The Court determined that plaintiffs were entitled to summary judgment because their positions as Investigators were not directly related to the management of GEICO’s general business. Specifically, the Fourth Circuit explained that the directly related element is met when an employee performs work directly related to assisting with the running or servicing of the business. Here, the Investigators’ primary responsibility was too far removed from GEICO’s management or general business operations to satisfy the second element. The Investigators had no supervisory responsibility and they did not recommend or develop GEICO’s business policies with regards to the claims under investigation. The Fourth Circuit concluded that although the Investigators work was important to GEICO, the directly related element hinges on the nature of the work and not the outcome of that work.

The Fourth Circuit looked to both FLSA regulations and Department of Labor opinion letters to support its conclusion. Furthermore, the Court found unpersuasive GEICO’s argument that Investigators nevertheless performed some of the same duties that Claims Adjusters perform and were thus exempt. The Court countered this argument by pointing out that the title of Claims Adjuster alone does not warrant an exemption—the directly related element must be determined on a case-by-case basis. Second, while the Court acknowledged that the Investigator position may have duties that support GEICO’s claims-adjusting process, this has to do with the ultimate consequence of the position rather than the nature of the work, which is the true focus for the directly related element.

Plaintiffs’ Arguments over Remedies

Next, the Fourth Circuit addressed the plaintiffs’ various complaints regarding the remedies awarded to them. First, the plaintiffs argued that the district court erred in determining that GEICO did not act willfully under the FLSA. Whether a party acted willfully in violation of the FLSA impacts the statute of limitations. If the violations were not willful then the limitations period is two years, but if the violations were willful then the period is extended to three years. The Fourth Circuit concluded that due to the close and complex nature of the elements at issue in this case, GEICO did not act willfully in deciding to exempt Investigators from overtime pay.
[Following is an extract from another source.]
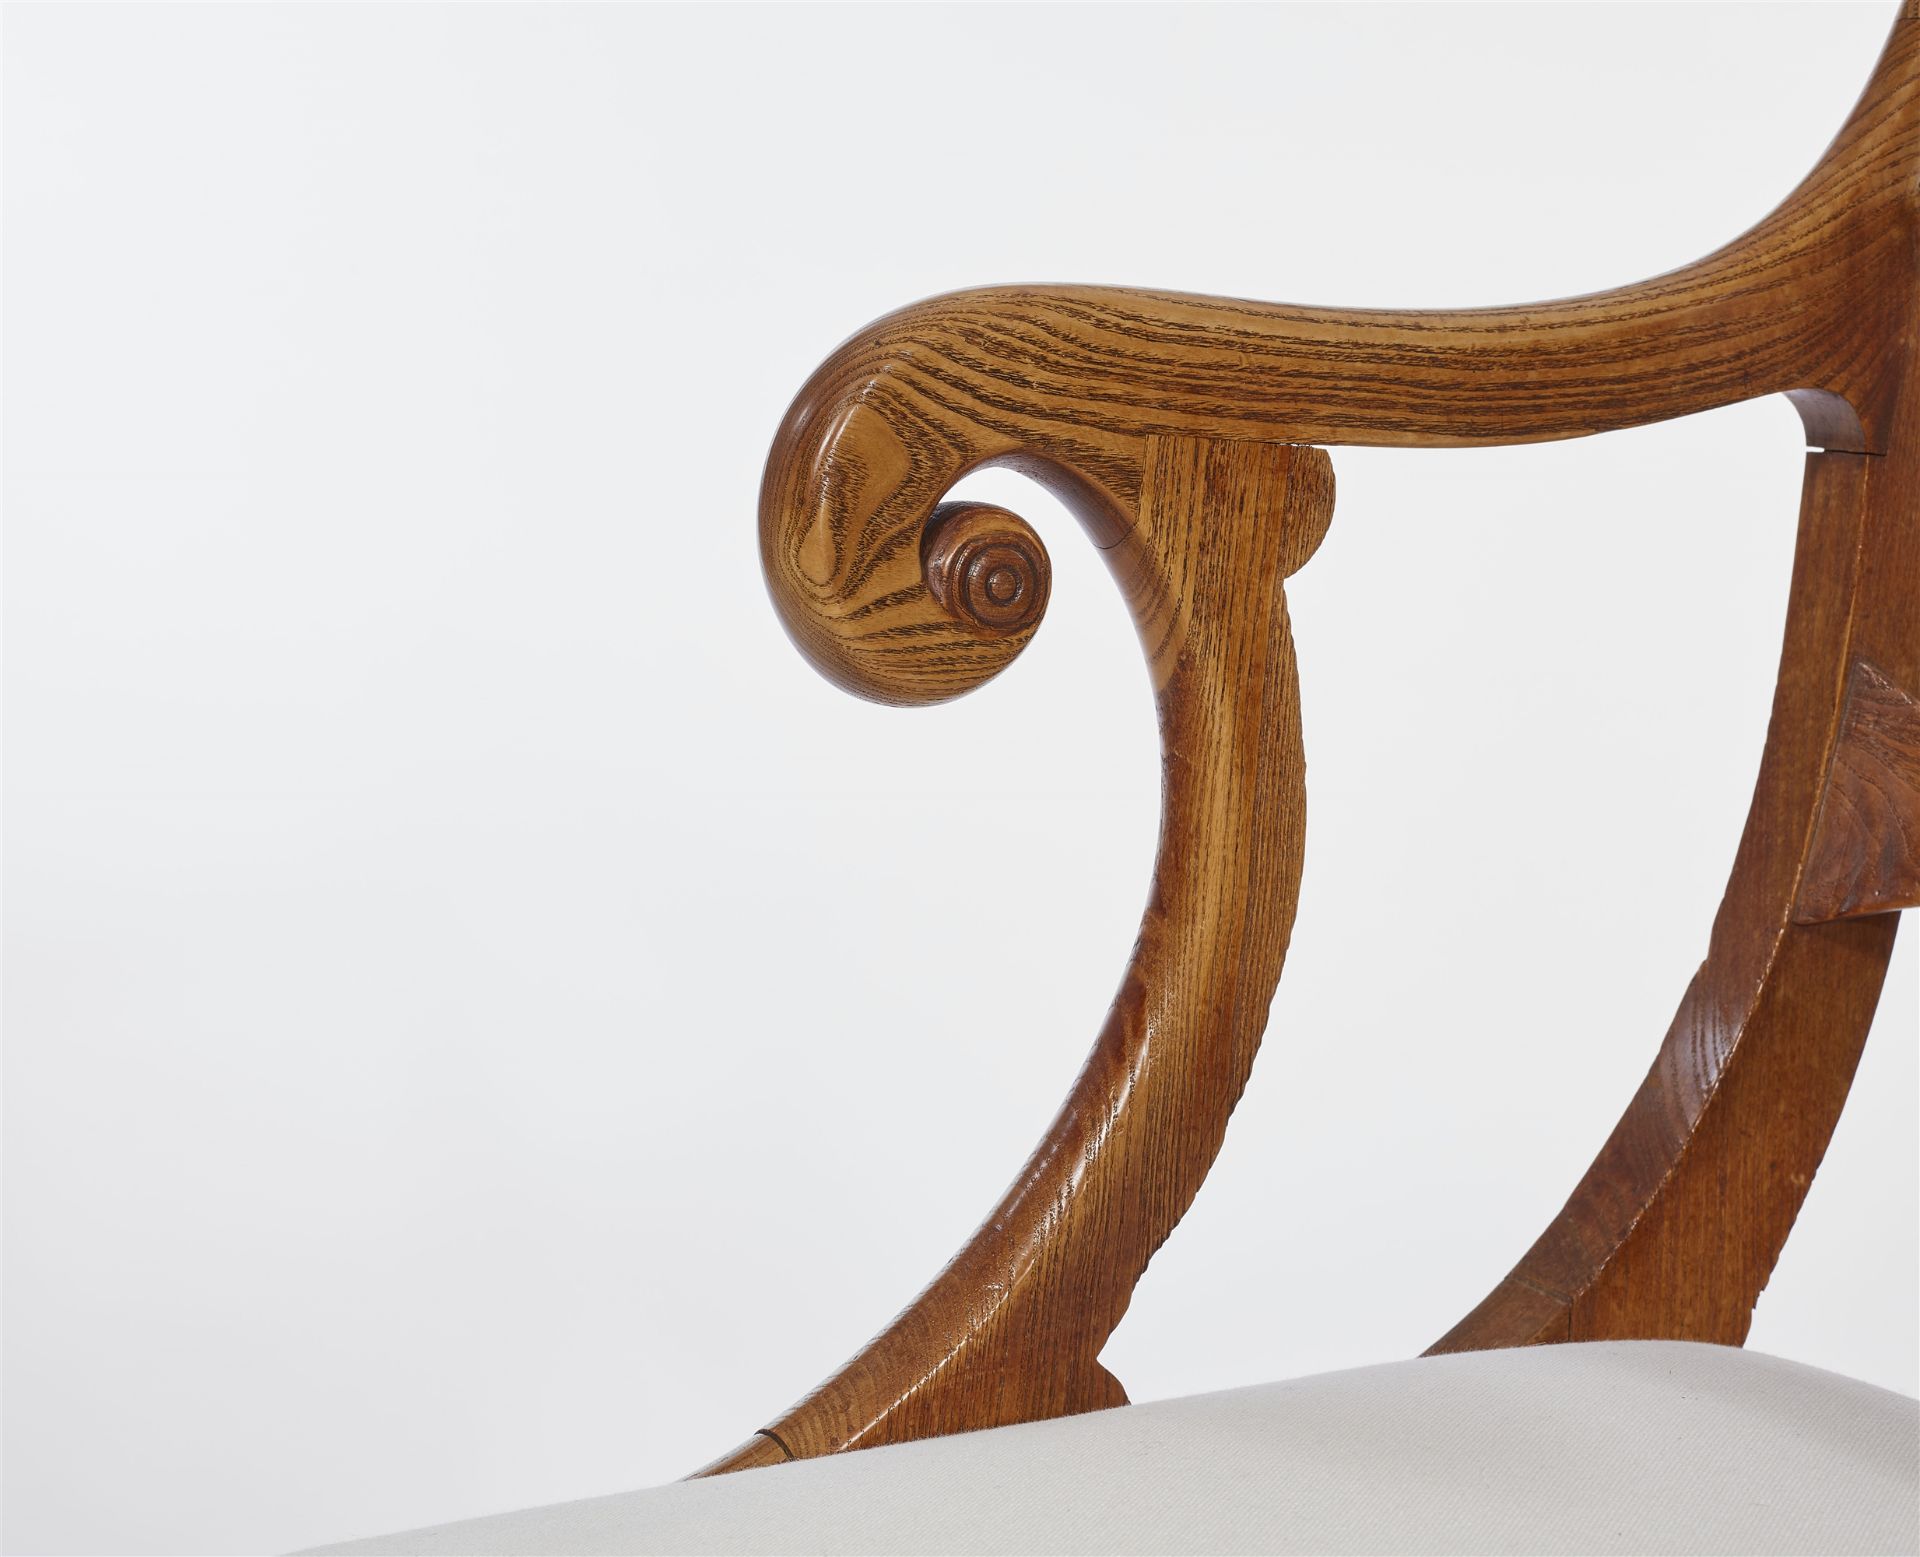 An armchair after a design by Karl Friedrich Schinkel - Image 5 of 6
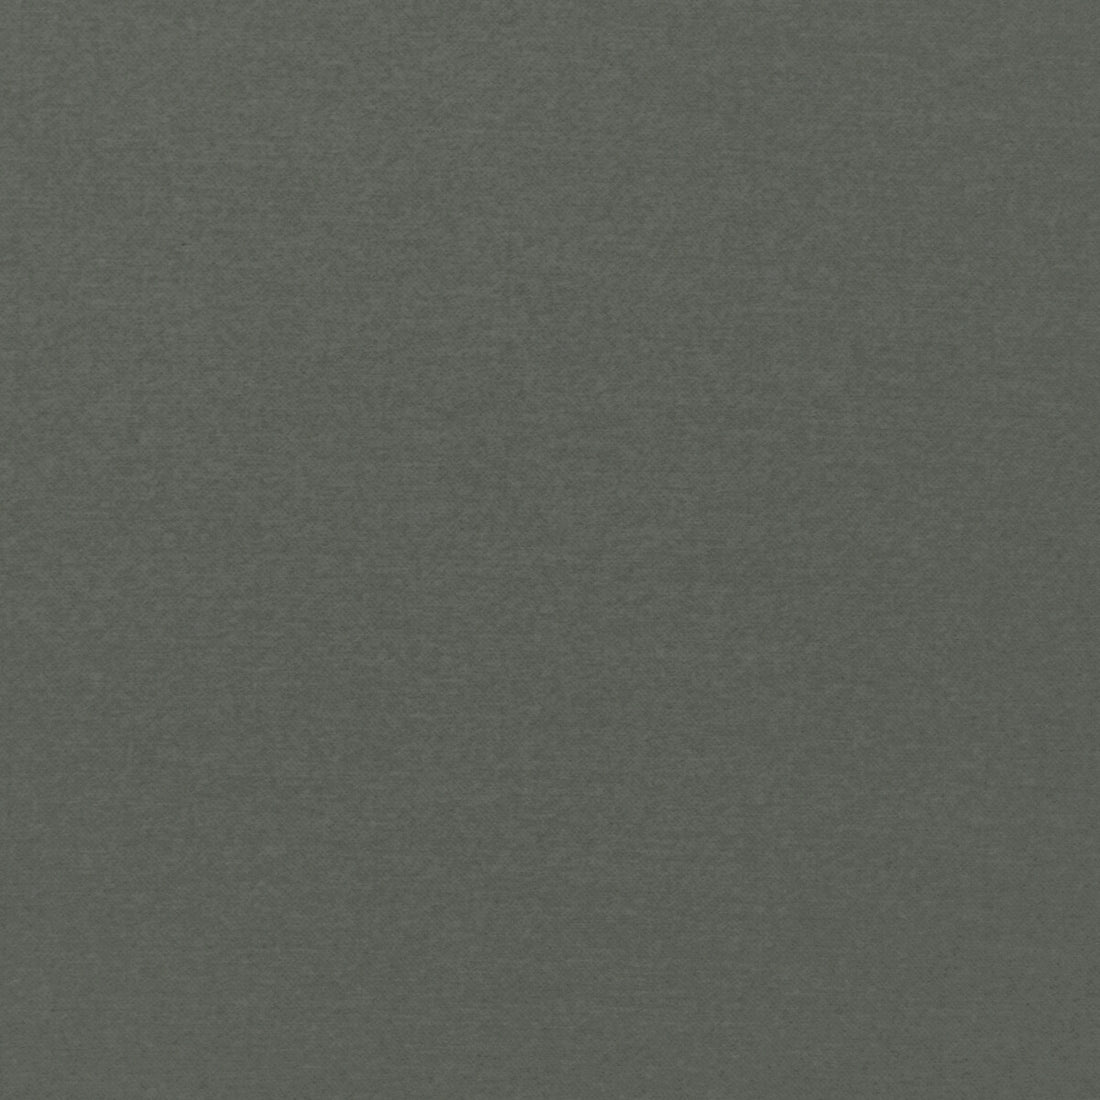 Kravet Smart fabric in 36110-11 color - pattern 36110.11.0 - by Kravet Smart in the Performance Kravetarmor collection

Second, the plaintiffs alleged that the district court erred in its calculation of compensation to be awarded to the plaintiffs. Specifically, the plaintiffs claimed that there was no agreement between them and GEICO to receive straight-time pay for all hours worked in a given workweek. The Fourth Circuit determined that although the plaintiffs did not always work the same number of hours in a day, they received fixed salaries for the many years that the plaintiffs worked for GEICO. Therefore, an agreement for straight-time pay had been established.

Third, the plaintiffs contended that the district court erred in its denial of plaintiffs’ request for liquidated damages. Although the FLSA provides for an award of liquidated damages, a district court may refuse the award if the employer showed that it acted in good faith. The Fourth Circuit found that, again because the issue was very close and GEICO reviewed the classification on multiple occasions, the district court was allowed to refuse to award liquidated damages.

Finally, the plaintiffs argued that the district court abused its discretion in declining to award prejudgment interest. On this final issue, the Fourth Circuit agreed with the plaintiffs, noting that under the FLSA prejudgment interest is typically necessary, in the absence of liquidated damages, in order to make the plaintiff(s) whole.

Fourth Circuit Affirmed in Part and Denied in Part

As a result of statutory interpretation and supporting authorities, such as the opinion letters, the Fourth Circuit concluded that GEICO misclassified Investigators as exempt under the FLSA for overtime pay and thus affirmed the district court’s grant of plaintiffs’ motion for partial summary judgment. The Fourth Circuit further affirmed the district court’s decisions on the statute of limitations, the calculation of compensation, and the denial of liquidated damages. The Court reversed and remanded on the last issue of awarding prejudgment interest to the plaintiffs.